Я вспомнил решительное и мрачное лицо Митьки и подумал:

«Этот действительно, не простит!»…

Мы помолчали. Я оглядел нашу камеру.

Вверху, над дверями тускло горела лампочка, а в окне подвала на темно-синем фони южного неба четким мрачным силуэтом вырисовывалась толстая решетка. Кругом нас десятки людей уже спали тяжелым сном. Скрючившись на цементном полу, прикрывшись пиджаками и куртками, они вздрагивали и что-то бормотали во сне. Вероятно, им снились знакомые картины домашней спокойной жизни, уюта, счастья и родной семьи. Как много радости дает сон бедному заключенному!..

— Да, попались мы с вами, Костя, — вздохнул я. — Придется узнать почем фунт лиха… Вляпались мы в переделку…

— Ничего, дядя Боб, — оптимистически возразил Костя. — Это все пустяки. Новая жизнь всегда в муках рождается. Зато потом как хорошо-то будет!

— А чем раньше плохо было, Костя?

— Да как же — ведь при царском режиме ужас как всем тяжело жилось. Крестьяне голодали, рабочих казаки нагайками везде били. Люди в тюрьмах и на каторге мучились. Потому-то ведь и революция была.

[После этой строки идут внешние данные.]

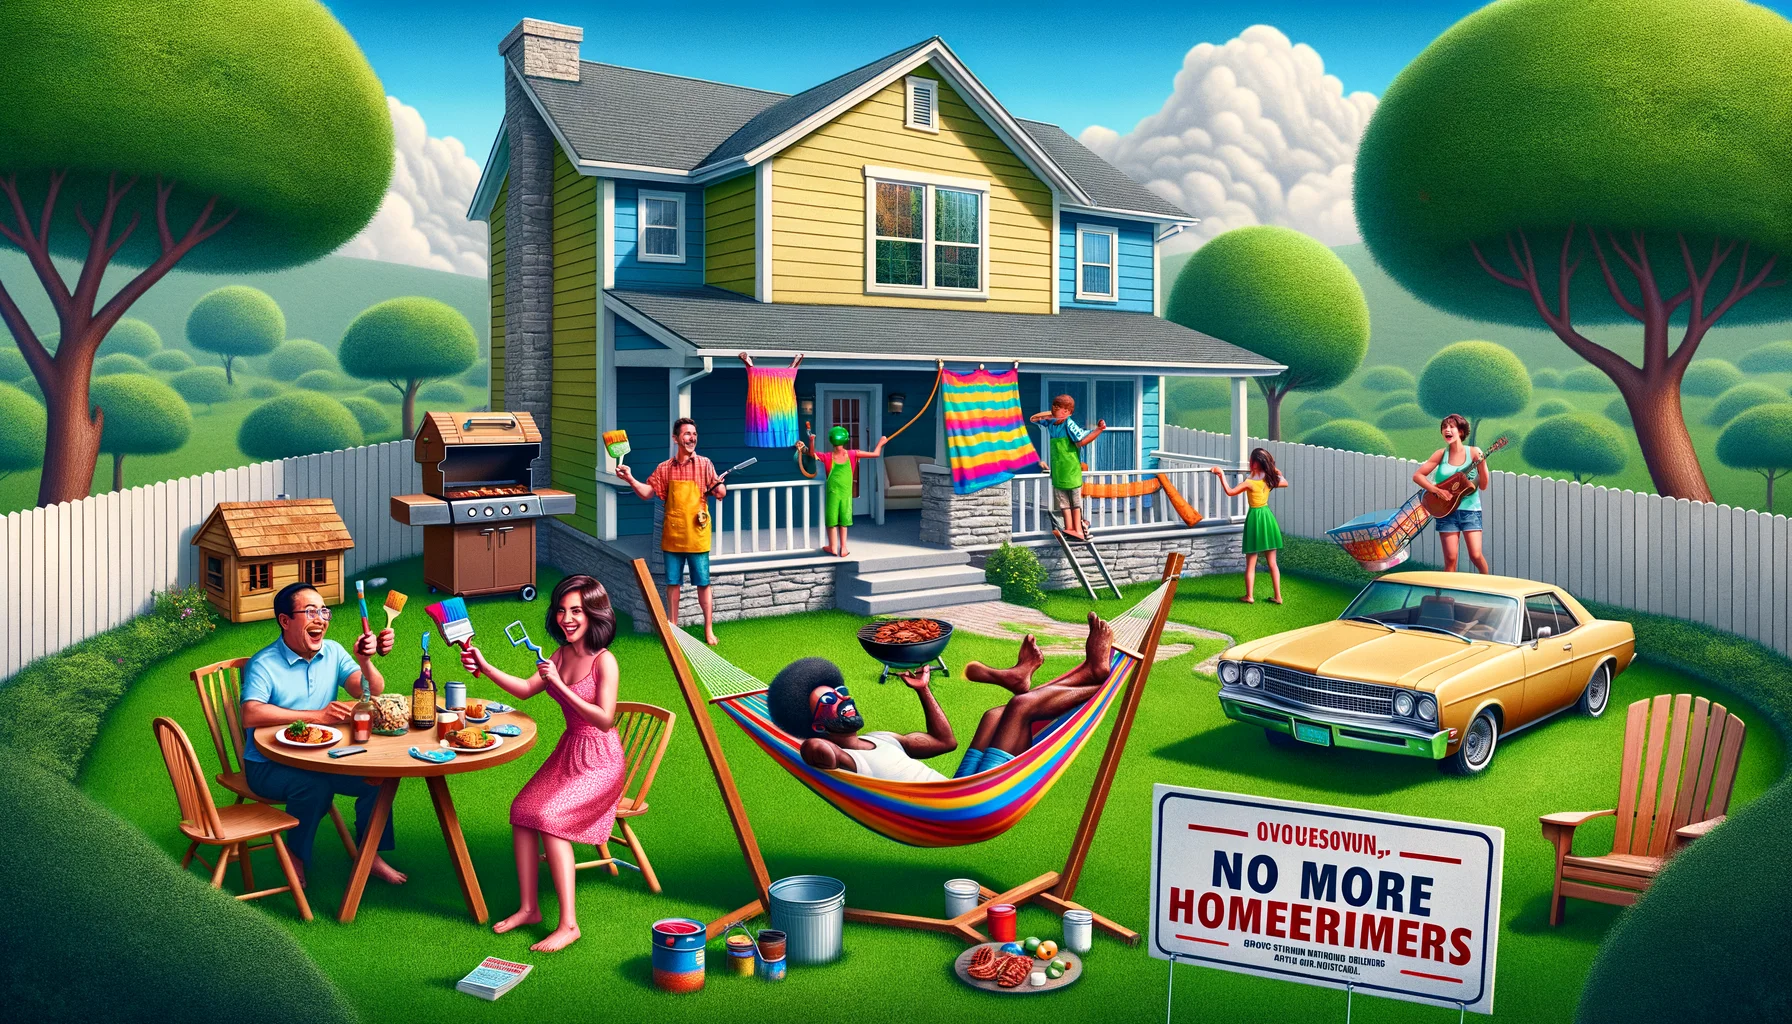 Create a humorously exaggerated scene showcasing the perks of home ownership in an ideal scenario. Imagine a pristine suburban house with a flawless green lawn. A happy caucasian woman is repainting the front door with bright colors of her choice, a black man is grilling delectable barbecue in the backyard, and two Hispanic children are playing in the treehouse they've built. Meanwhile, a South-Asian man is relaxed in a hammock hanging between two trees, reading a book titled 'No More Rent!'. A sign on the lawn proudly declares 'Proud Homeowners'.

— А кто вам рассказывал про все это?

— Кто? Да в книгах пишут… Я-то сам не помню, конечно, но везде об этом прочесть можно.

— А вы всему этому верите?

Юноша не понял вопроса.

— Как это — верю? Ну, конечно же. А разве неправда, что в царское время все не жили, а только мучились?

— Ну, конечно, нет. Вранье это все. Вот вы поговорите со спокойным честным человеком — он вам, Костя, расскажет правду о старом времени.

— Как, разве-ж не было террора?

— По сравнению с теперешним — так, курам на смех… Да, вот, сами услышите…

— Что услышу?

— Когда расстрелы будут. На днях, вероятно…

— Как, здесь — в тюрьме? — испуганно воскликнул Костя и вздрогнул.

— Здесь, здесь. И из нашей камеры, вероятно, возьмут многих…

Костя съежился и замолчал. Настоящая, не книжная, действительность начинала, видимо, иначе представляться его глазам.

— Ну, все-таки все это временно, дядя Боб, — тихо ответил он, наконец. — У меня есть товарищ по школе, Алеша, комсомолец. Он мне много книг понадавал и рассказывал обо всем. «Нужно все старое перевернуть, весь мир перестроить, чтобы везде правда и справедливость была, чтобы эксплуатации не было, да этих, вот, жестокостей».

— Так что же — жестокостями жестокости прекращать? Так, что ли?

— Но зато ведь, дядя Боб, за какие идеалы — братство всех народов, счастье всего человечества, социальная правда, вечная свобода, отсутствие войн и эксплуатации… Из-за этого и помучиться можно…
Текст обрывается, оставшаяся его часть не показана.